Geiler als die Mama!!!


----------



## Alex1411 (16 Sep. 2021)

Passt - wenn sie nur nicht so kurz wäre.
Vielen Dank


----------



## didi33 (16 Sep. 2021)

Vielen Dank.


----------



## redbeard (16 Sep. 2021)

Thomas111 schrieb:


> Geiler als die Mama!!!



Seh' ich genauso, und das liegt nicht am Alter...

:thx: für die pics!


----------



## wepster (16 Sep. 2021)

danke :thx:


----------



## 307898X2 (16 Sep. 2021)

ihre Möpse sind nicht von Mama zu groß zu perfekt die kommen vom Papawinkwink2


----------



## pofan (17 Sep. 2021)

:thx: DANKE :thx::thumbup::thumbup::thumbup:


----------



## pappa (17 Sep. 2021)

Danke für Leni. Ein hübsches Kind geworden.


----------



## howdyminjung (17 Sep. 2021)

Danke, erstaunlich üppig


----------



## HaPeKa (17 Sep. 2021)

Eigentlich ganz nett, aber schade dass die Möpse nicht natürlich sind! 
Trotzdem für die Bilder: :thx:


----------



## JoeKoon (17 Sep. 2021)

Vielen Dank!


----------



## Ingggo123 (17 Sep. 2021)

nicht übel!


----------



## Daemon619 (18 Sep. 2021)

:thx: für den Upp


----------



## guds99 (18 Sep. 2021)

uhhhhh hot


----------



## Punisher (18 Sep. 2021)

geile Dinger


----------



## Tittelelli (18 Sep. 2021)

Punisher schrieb:


> geile Dinger



winzige Kugeln :WOW::WOW::WOW:


----------



## Daemon619 (29 Sep. 2021)

Danke dafür :thx:


----------



## Unknackbar (29 Sep. 2021)

Big mommy milkers- nice


----------



## Thomas111 (1 Okt. 2021)

Alex1411 schrieb:


> Passt - wenn sie nur nicht so kurz wäre.
> Vielen Dank




Na, immerhin fast 170 cm!!!!


----------



## dante_23 (12 Okt. 2021)

HaPeKa schrieb:


> Eigentlich ganz nett, aber schade dass die Möpse nicht natürlich sind!
> Trotzdem für die Bilder: :thx:



ihre brüste müssen nicht unbedingt vom schönheits-doc sein. anhand von bikini bildern ist es nahezu unmöglich zu sagen, ob echt, oder unecht.
klar, leni ist recht schlank, und da sind große brüste relativ selten, jedoch, es gibt einige frauen, die zwar sehr schlank sind, gleichzeitig aber üppige titten vorweisen können.
siehe eine amy reid, oder lucie wilde 

*Amy Reid*


 

 

*Lucie Wilde*


----------



## albert (13 Okt. 2021)

wer ist der Papa?


----------



## netta (14 Okt. 2021)

albert schrieb:


> wer ist der Papa?



Ich glaub Flavio Briatore, aber bei der Heidi kann man nicht so sicher sein. Vielleicht kennst du den Witz mit dem Manta-Fahrer und seiner Antenne


----------



## sig681 (14 Okt. 2021)

Genauso wie ihre Mutter, weiß genau wo die Papparazzi lauern...


----------



## SanFelix (16 Okt. 2021)

Dankeschön


----------



## Frantz00 (16 Okt. 2021)

Die hatte mit 17 schon die erste Busen-OP? Echt?


----------



## SanFelix (16 Okt. 2021)

Frantz00 schrieb:


> Die hatte mit 17 schon die erste Busen-OP? Echt?

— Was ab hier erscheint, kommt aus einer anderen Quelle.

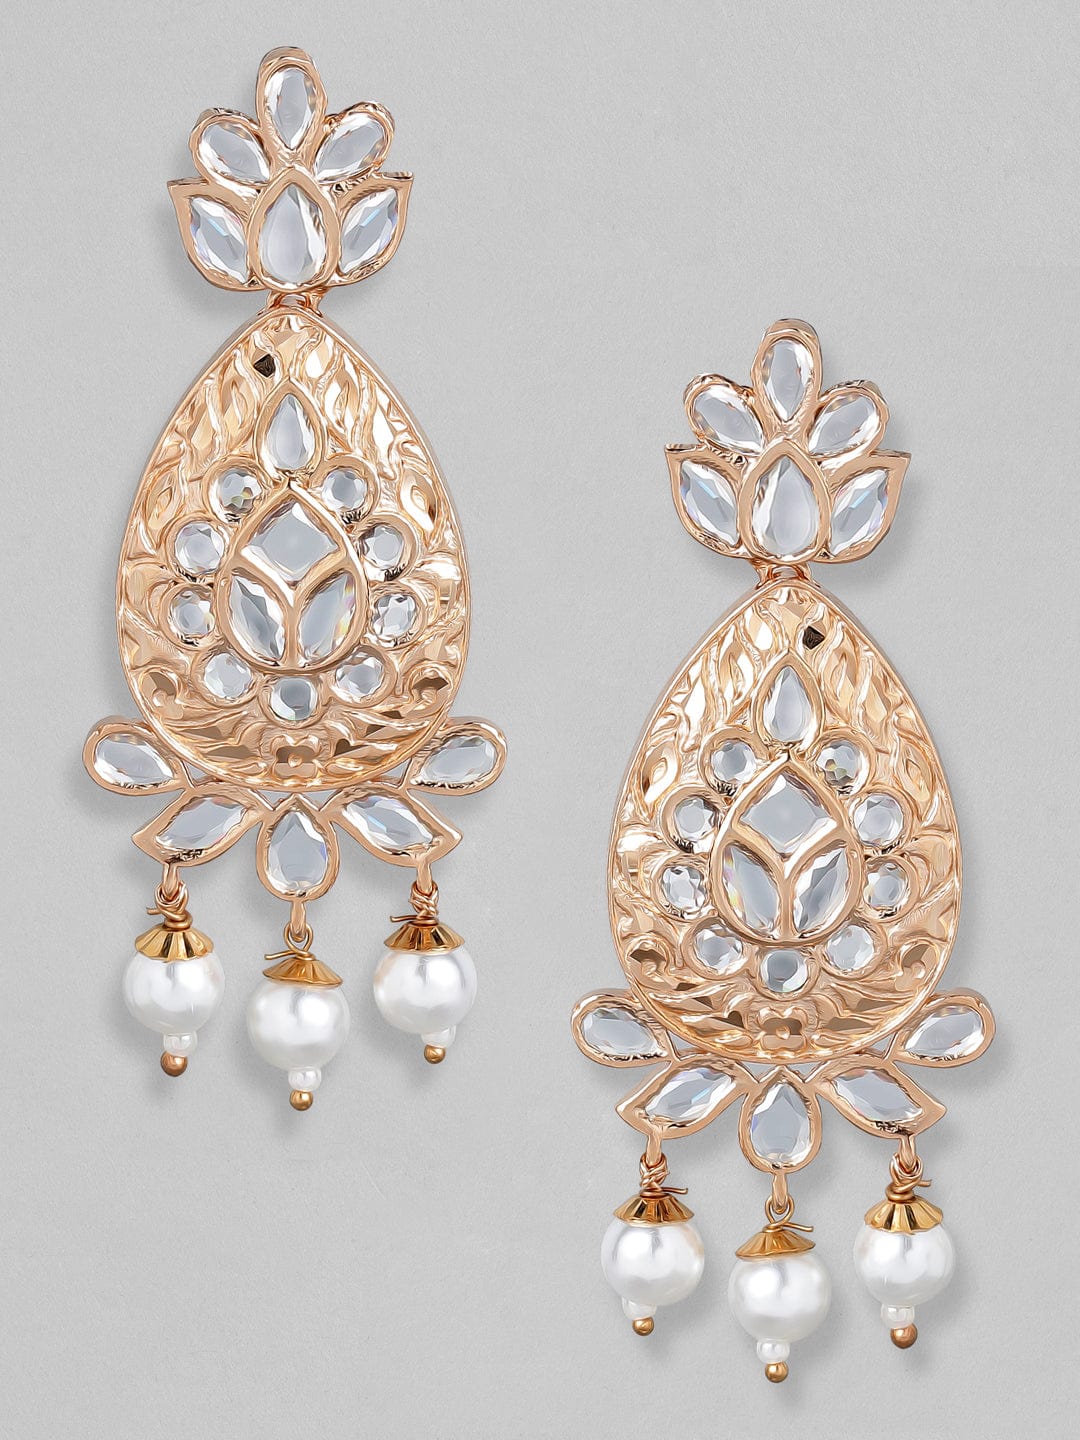 Rubans Rose Gold-Plated & White Teardrop Shaped Drop Earrings Earrings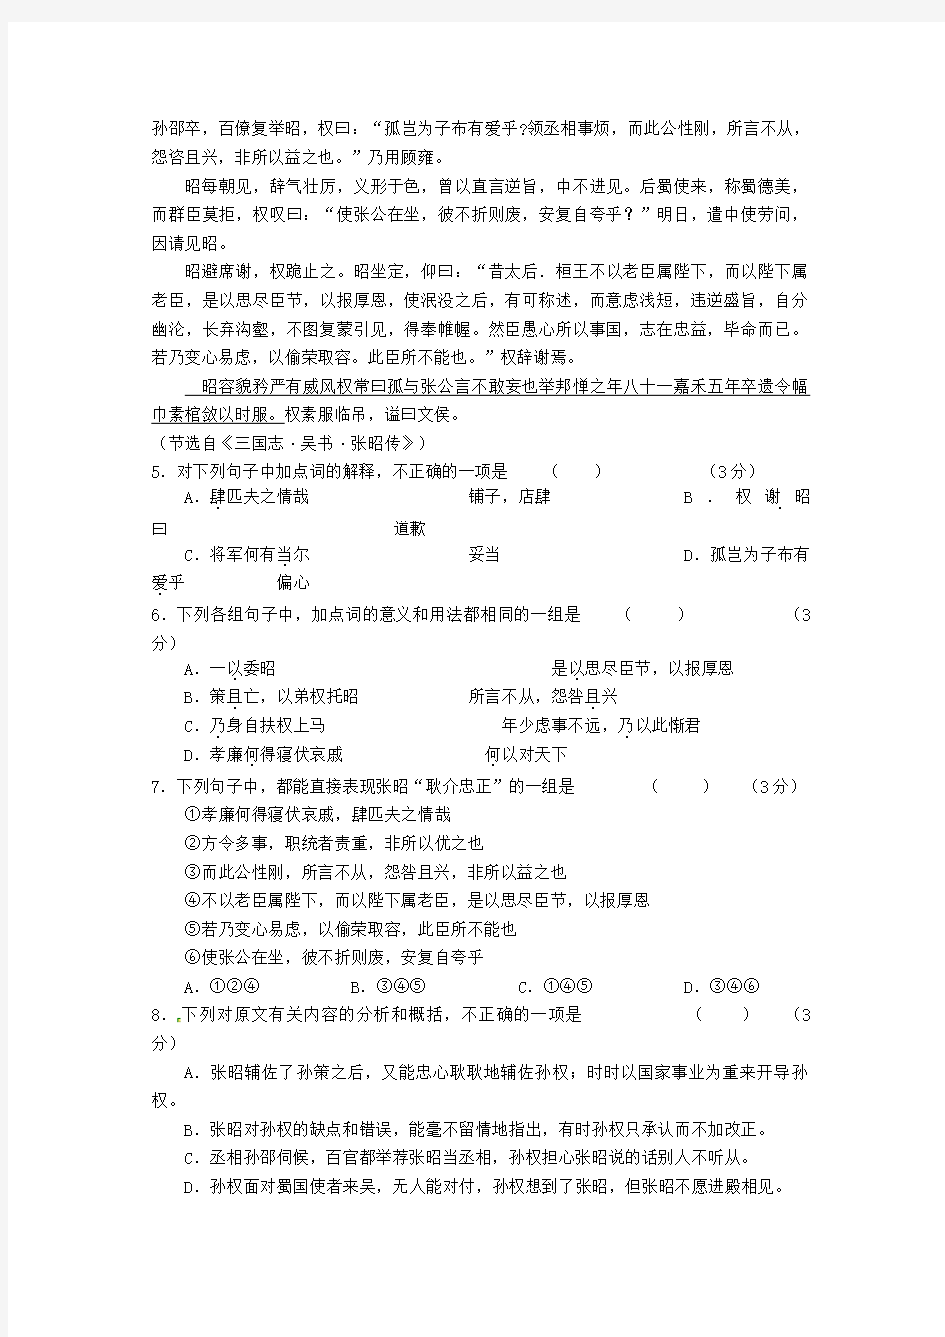 河北省沙河市第一中学2020年高考语文练习(34)

Glaub ich wohl eher nicht.


----------



## Sankekur (17 Okt. 2021)

Leni ist zweifellos auf dem richtigen Weg


----------



## murmel (18 Okt. 2021)

Sehr hübsch, Danke


----------



## willis (27 Okt. 2021)

Ich denk auch, alles echt, und davon dann ganz schön reichlich


----------



## shisaka (31 Okt. 2021)

Vielen Dank für Leni!


----------



## ewu50 (1 Nov. 2021)

Herzlichen Dank für Leni


----------



## Tittelelli (1 Nov. 2021)

hier kommen die "EXPERTEN" zu Wort. Noch nie einen nackten Busen in Natura gesehen
aber hier die große Ahnung. Ist wie wenn der Blinde die Farbe erklärt


----------



## boggensack224 (1 Nov. 2021)

Da wird der Kaulitz aber Augen machen...! DANKE!!!


----------



## kardinho (2 Nov. 2021)

Sehr sexy! Danke für die Bilder!


----------



## Hans80 (3 Nov. 2021)

Ganz die mama


----------



## willis (3 Nov. 2021)

boggensack224 schrieb:


> Da wird der Kaulitz aber Augen machen...! DANKE!!!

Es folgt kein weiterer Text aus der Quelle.